In using that language, was it the right hon. gentleman's idea to bring together the two peoples and win the respect of the people of Canada for British institutions, or was his object to come nearer to the day when he would reach the goal of his aspirations, which he has repeatedly stated to be the independence of Canada? The right hon. gentleman also used the following language in this House in 1892 (Hansard, p. 1145):-

The hon. gentleman stated also that at Boston I had said that the conduct of Great Britain and of Canada during the American Civil war had been unworthy of British civili-

nation. Sir, I would not have been guilty of making that statement in a foreign country if X had not made it again and again in my native land, and even on the floor of this House. In the year 1889, X stated in the presence of the Government what I stated in Boston, that in my estimation the conduct of Great Britain and the conduct -of Canada had been unworthy of the civilization both of Great Britain and of Canada. I stated the same thing at Boston.

What was his object in making use of statements of that kind? Those statements are not in accordance with the facts. The right hon. gentleman should know that the Archives of Canada contain the published thanks of the Government of the United States of that day to the Government of Canada and the Canadian people for the wise, prudent, neutral and conservative course which they took during that Civil War. Yet the right hon. gentleman goes to Boston, in a foreign country, and declares that Canada and Great Britain should be ashamed of their conduct during the American Civil War. I could cite many similar utterances of the hon. gentleman. Speaking of British diplomacy, he said:-

Is there a Canadian anywhere who would not hail with joy the day when we would be deprived of the services of British diplomacy?

At another time he said that if he had been on the banks of the Saskatchewan when the Northwest half-breed rebellion broke out he would have taken up arms against the Government. I understand that the present Minister of Justice (Mr. Doherty) and the ex-Minister of Militia (Sir Sam Hughes) fought to suppress that rebellion. Just fancy what a calamity it would have been to this country if the right hon. gentleman had gone out there and shouldered a musket and his aim had been true, and he had deprived this country of the present Minister of Justice, or, horror of horrors, if he had deprived it of the services of the ex-Minister of Militia. The only hope these hon. gentlemen would have had would be that the right hon. gentleman was as inaccurate in his marksmanship with the rifle as in his marksmanship throughout his political life.

I wish to call attention to another statement of the right hon. gentleman. Speaking in this House the other day, he said:-

After the passing of a year I think I can repeat that the only complete victory which is being won in this war is the victory which is being achieved by the British Navy.

With those sentiments I heartily agree. This is not the first time the British navy has stood as the bulwark of the liberties of mankind. Ever since the days of Elizabeth

the British navy has been the strongest guarantee the world has had of the security of its liberties.

The British navy has kept fourteen million square miles of British territory, during the continuance of this war, so that not A single hostile German has placed his dirty foot upon one inch of it.
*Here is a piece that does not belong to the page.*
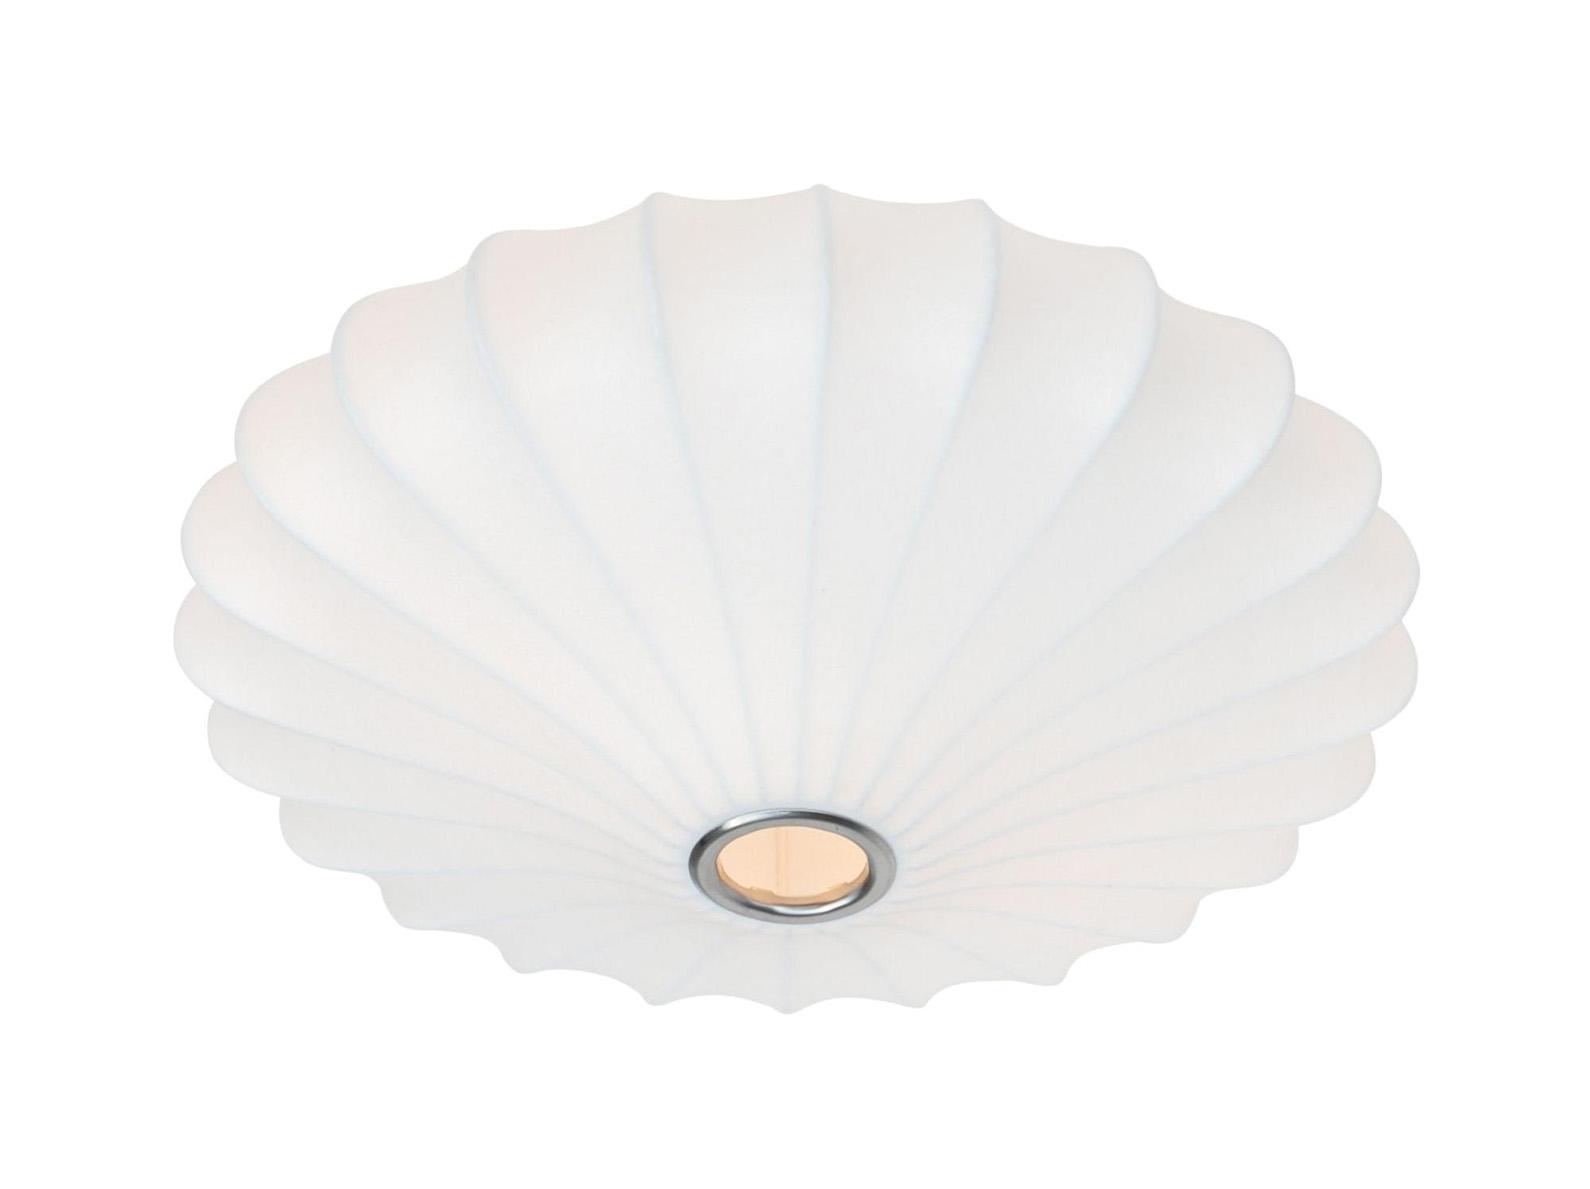 A6090PL-2WH Потолочный светильникA6090PL-2WHA6090PL-2WH Потолочный светильник 2xE27 40W Материал: Арматура: Металл крашенный / Плафон: Ткань Цвет: Арматура: Белый / Плафон: Белый Размер: 17x42x42

It has adequately protected in their homes four hundred and fifty millions of this earth's people who live on British soil. It has protected our commerce, and not ours alone but that of France, that of Russia, that of our Allies, and it has driven the commerce of Germany from the seas, and has forced her cruisers and battleships to hide behind land fortifications. We are not the only people who may be thankful that there is a British navy. Over there in the United States are a hundred millions who, if they ever lift their eyes from their money-bags long enough to offer a prayer to Heaven, are thanking God every day they live that there is a British navy. And well they may, because it stands as their security as well as ours.

I wish to call the attention of the House to one fact in this connection. After that memorable battle which Sir David Beatty fought, the Secretary of State for the Colonies sent to the Governor of New Zealand, and also to the Governor of the Malayan States cablegrams of thanks and congratulation. These cablegrams were identical except in the name of the ship referred to; in one case the Malaya and in the other the New Zealand. The cable to the Malayan States was as follows:

The battleship Malaya was in the thick of the naval fight on May 31, and the Admiralty desire once more to place on record the debt of the Mother Country to the Federated Malay States for the generosity which has enabled the navy to place so valuable a unit in the fighting line. ,

Every man of us, I care not whether he sits on this side of the House or on the other, would be glad to-day if we could read a telegram from the Secretary of State for the Colonies, saying that the battleship Canada, or more than one of our battleships, had been in that fight as were the battleships from New Zealand and Malaya. The premier oversea dominion of this Empire, the brightest jewel in the British Crown as we proudly call it, could not supply a battleship for that fighting line, but the Malayan States and every other oversea dominion took part in strengthening that navy which means the very existence of this country, our national

independence, and the liberties we prize. Let me add one word. I quote now from the naval expert of the London Chronicle, a newspaper regarded as the mouthpiece of the British Liberals and one of the strongest supporters of the Government of that time, the Asquith Government, in a discussion of the naval battle to which I have referred.

Sir David Beatty could have overwhelmed the enemy if Britain could have given him three or lour more battle cruisers than were assigned to his command.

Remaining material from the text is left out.